Please see https://gist.github.com/kenankule/a8acfe0750992aa2daabdd0734649033 if you need to reproduce locally.

alimravac commented 3 years ago

Any updates on the issue as it still exists in the latest fluentd helm char?!!!

RaSerge commented 3 years ago

We also can confirm that this issue is exists

kenankule commented 3 years ago

I cannot reproduce this issue after Fluentd 1.13.3 upgrade.

RaSerge commented 3 years ago

I cannot reproduce this issue after Fluentd 1.13.3 upgrade.

Are you use new logging-operator ( release 3.14) with 1.13.3 fluentd or with 3.9.x (we are stuck on 3.9.x because of this issue)?

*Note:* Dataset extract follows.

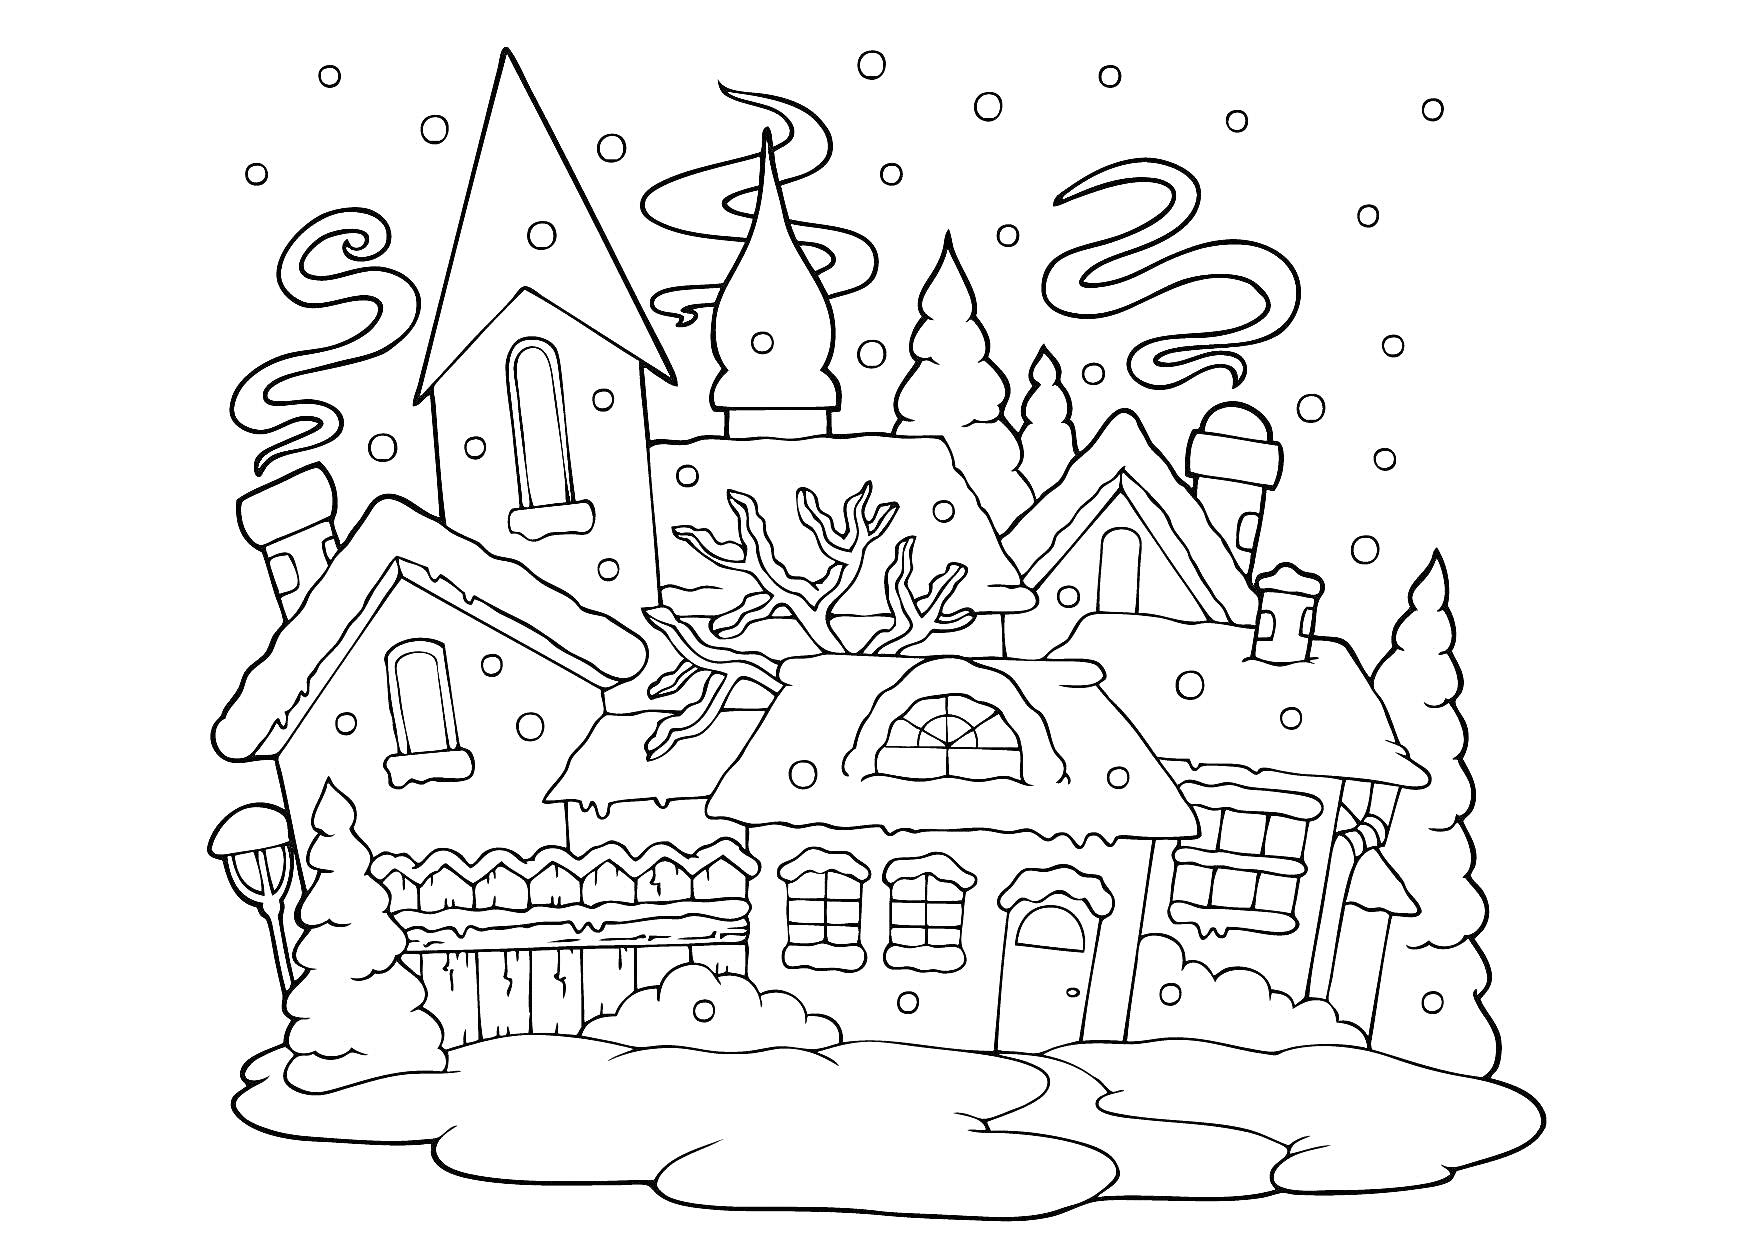 Раскраска Зимний город с домами, снежным покровом и падающими снежинками

kenankule commented 3 years ago

Sorry being brief, we've upgraded the logging-operator chart to 3.14.2. Currently in testing and i will be able to report the stability next week.

kenankule commented 3 years ago

Upgrading the logging-operator helm chart to 3.14.2 solved the issue. Closing.